We selected the sample from the 1996 Register of the British Confederation of Psychotherapists (BCP), which contains the names and addresses of approximately 800 practitioners with adults and information about their training institutes. A random one-in-two sample of 400 was generated using random number tables from the alphabetical list of practitioners working with adults. The questionnaire was anonymous. Respondents were sent a postcard to return under separate cover to indicate that they had replied. Non-responders were posted a second questionnaire in order to improve the response rate.

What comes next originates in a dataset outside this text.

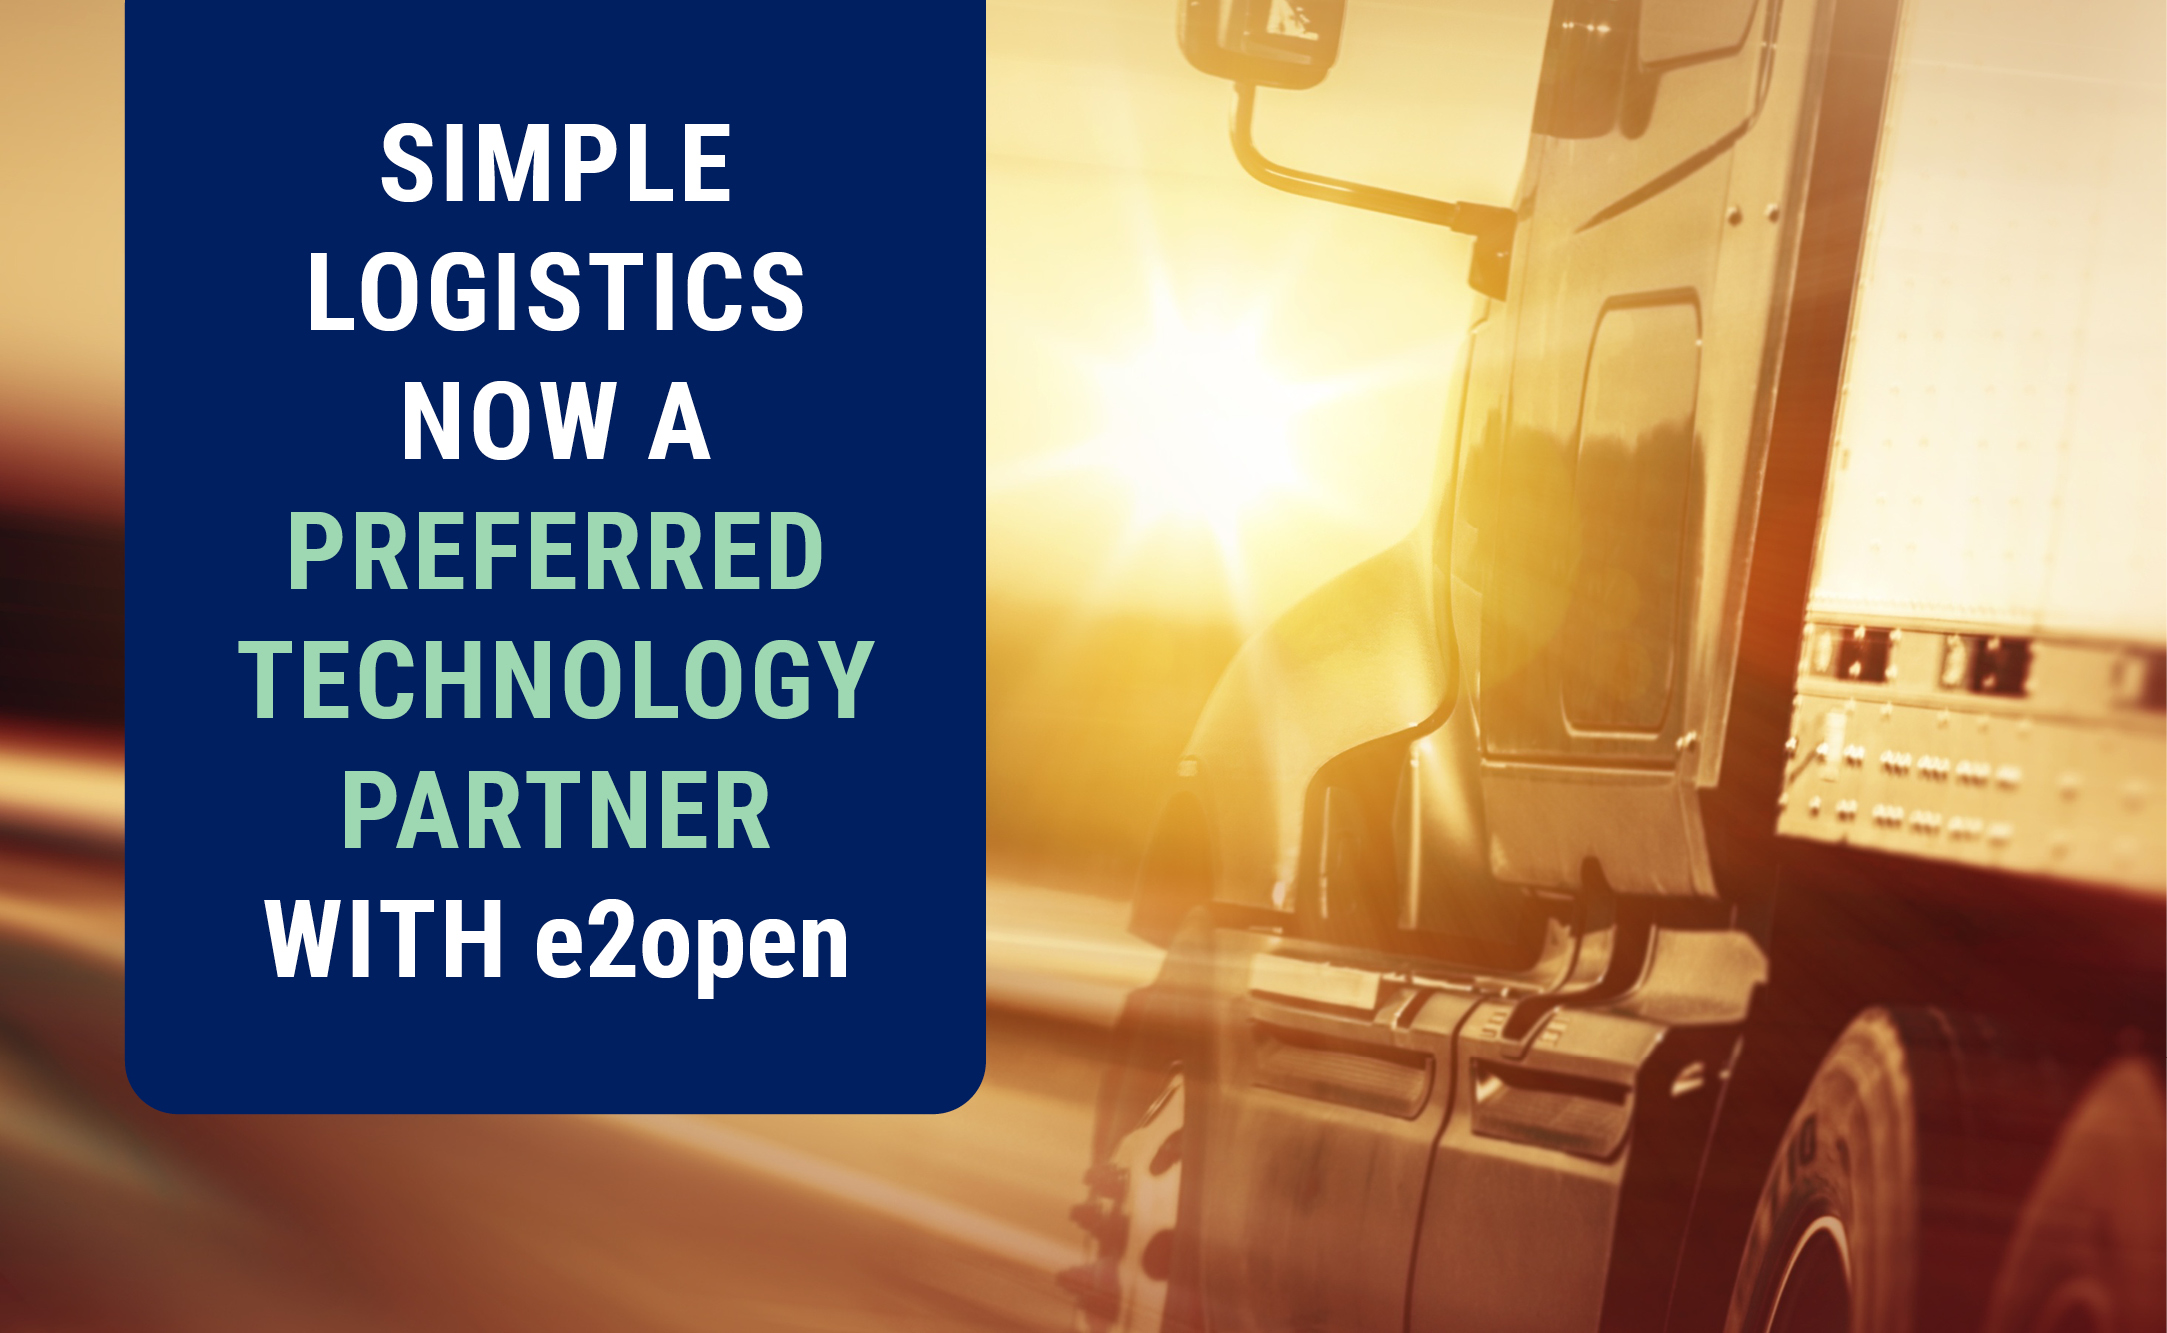 Simple Logistics now a Preferred Technology Partner with e2open

We used a postal questionnaire to target a large sample of psychotherapists. This comprised both forced-choice and open-ended questions. However, we recognised that the information collected would not do justice to the complexity of therapeutic work itself, therefore respondents were offered follow-up interviews during which they could give more in-depth views. The use of both techniques is preferable to either in isolation. Qualitative data from the interviews are reported separately (Phillips et al, 2001). The questionnaire covered socio-demographic details of respondents, their experience as training analysts and psychotherapists if applicable, their experience of working with gay and lesbian clients and their attitudes towards the rights of gays and lesbians. Individuals who wished to comment on the questionnaire without completing it in full were invited to respond in this way.
Pre-coded frequency data generated in the study were analysed using SPSS version 9 (for PC). Free text was transcribed, read and analysed by one of the authors (A.B.) to produce descriptive codings relevant to the topic of the research. Categories arose and were assigned on the basis of units of meaning. Data could give rise to more than one coding, and where relevant this is indicated. The richness of the free text data and the controversial nature of the project made it important to include illustrative verbatim observations. The views of respondents who generated no free text remain unelaborated.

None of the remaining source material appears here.